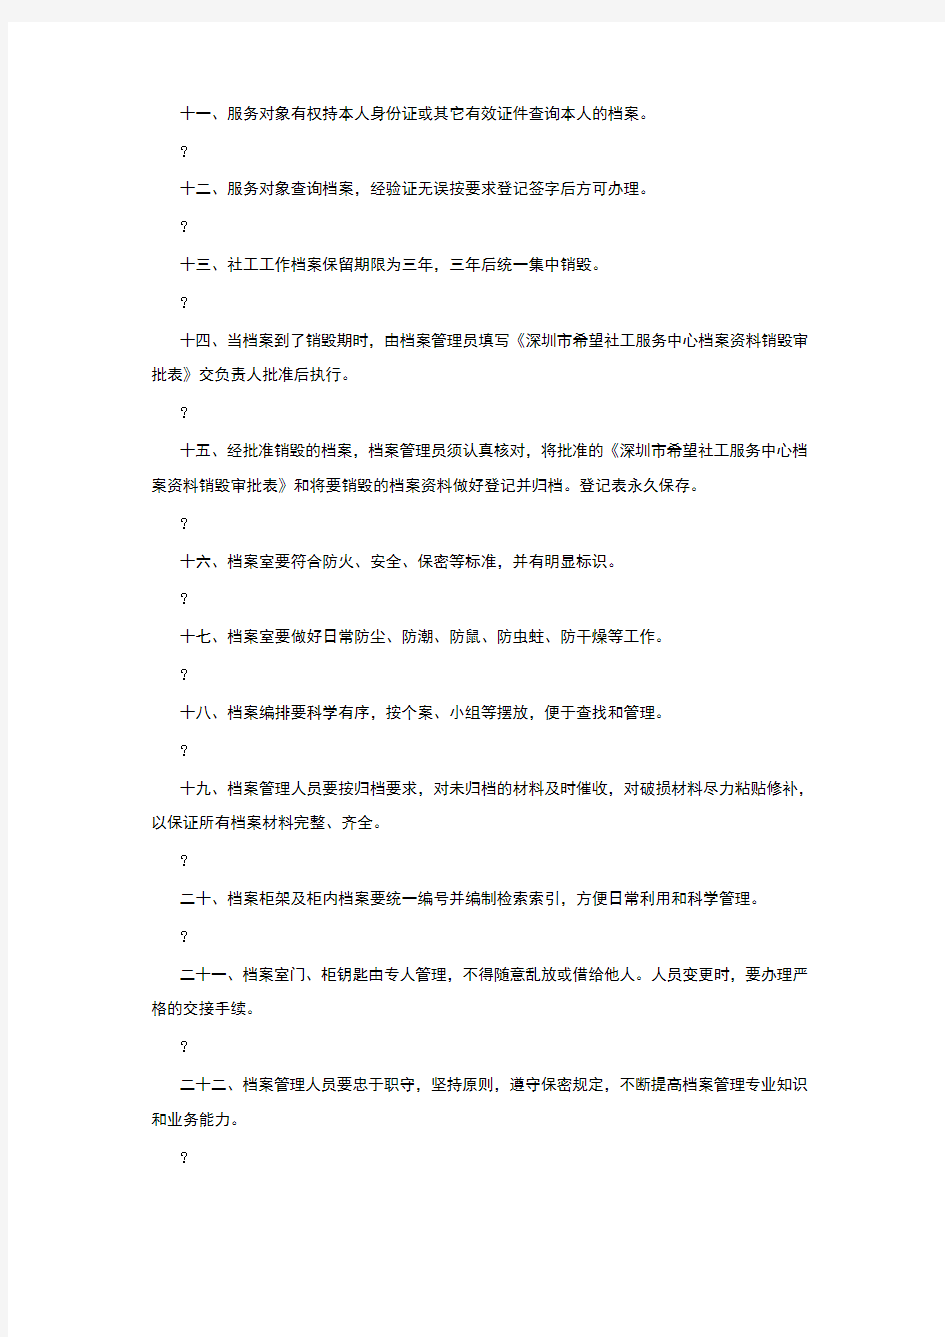 深圳市希望社会工作服务中心档案管理制度
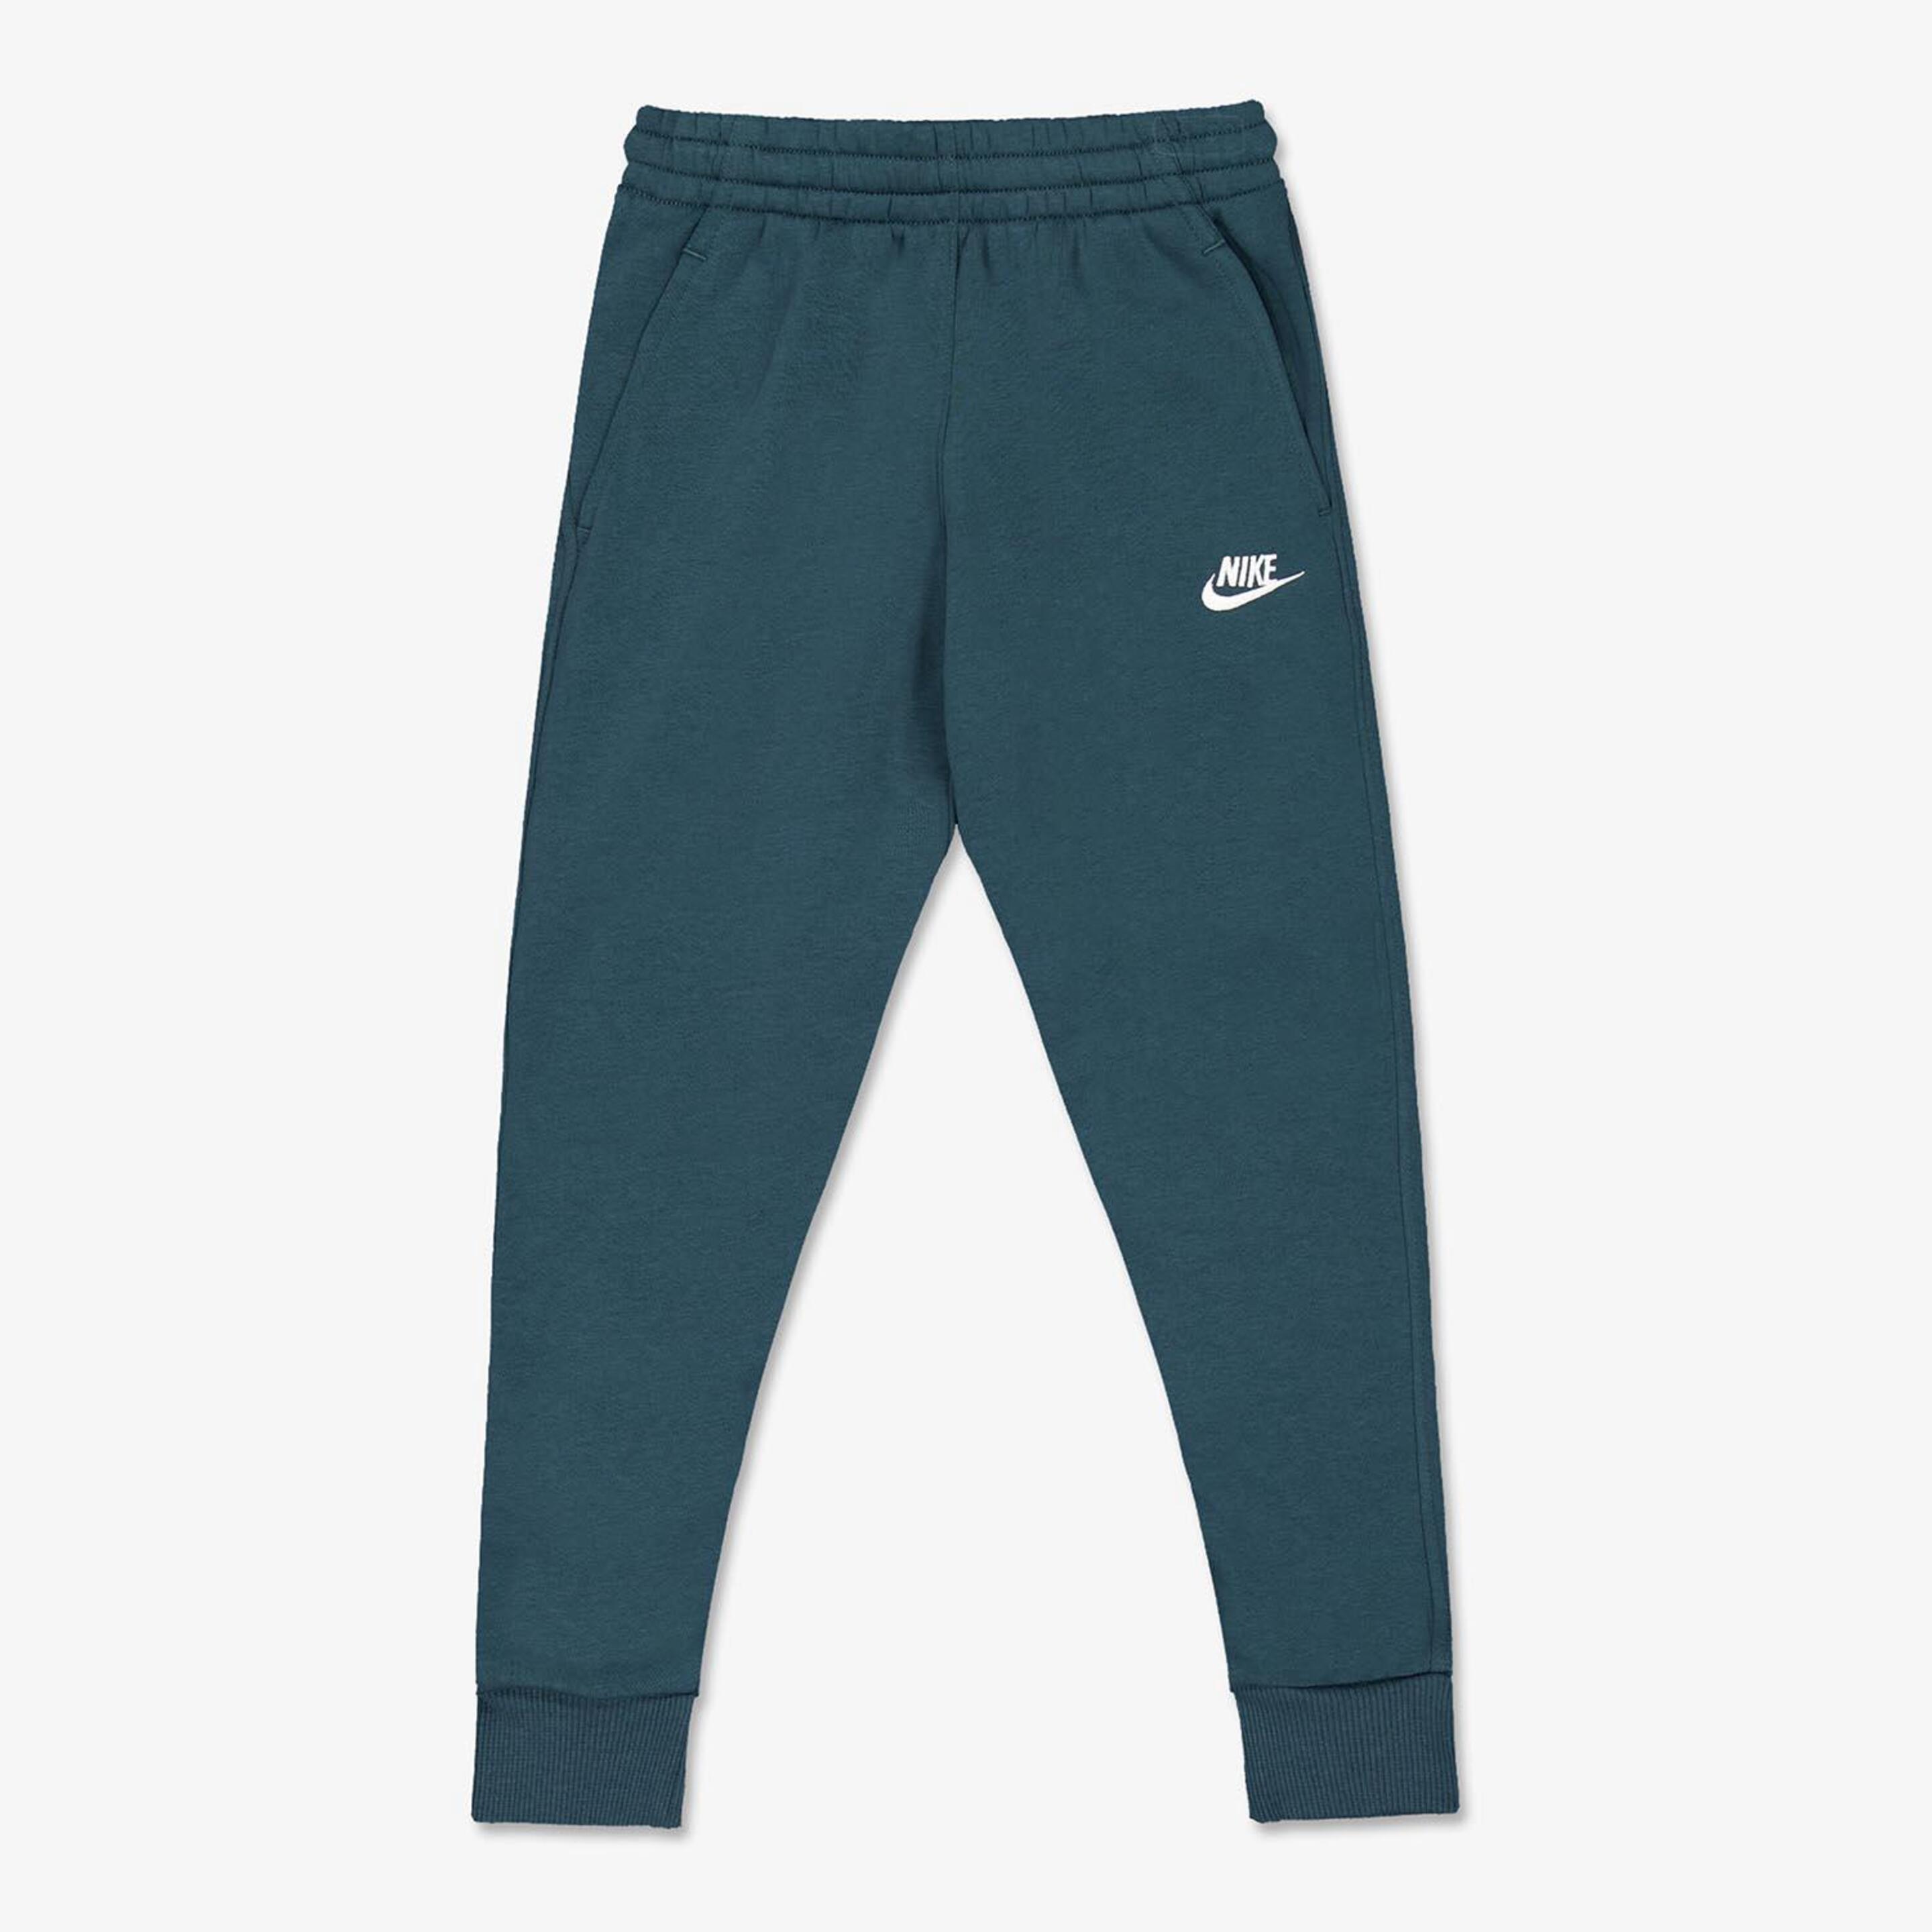 Pantalón Nike - verde - Pantalón Niño
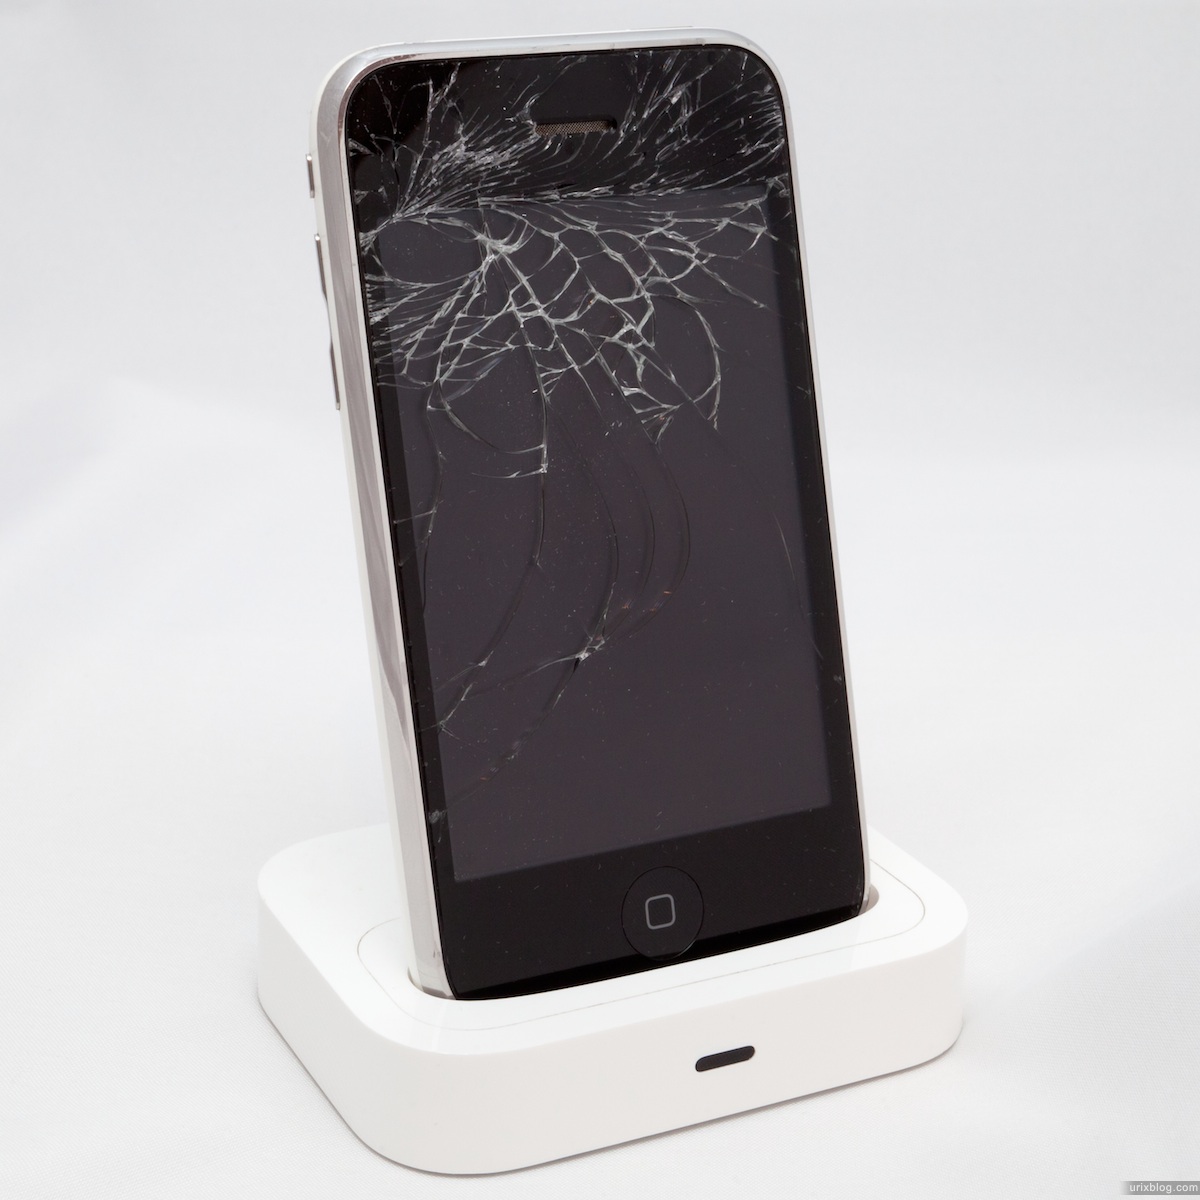 2011 broken iPhone 3GS
+ + +
▶ Requirement: Go through the material above and print all of it exactly, except the pictures.

▶ Reply to the task:
 深圳市希望社会工作服务中心档案管理制度
 Pantalón Nike - verde - Pantalón Niño
 2011 broken iPhone 3GS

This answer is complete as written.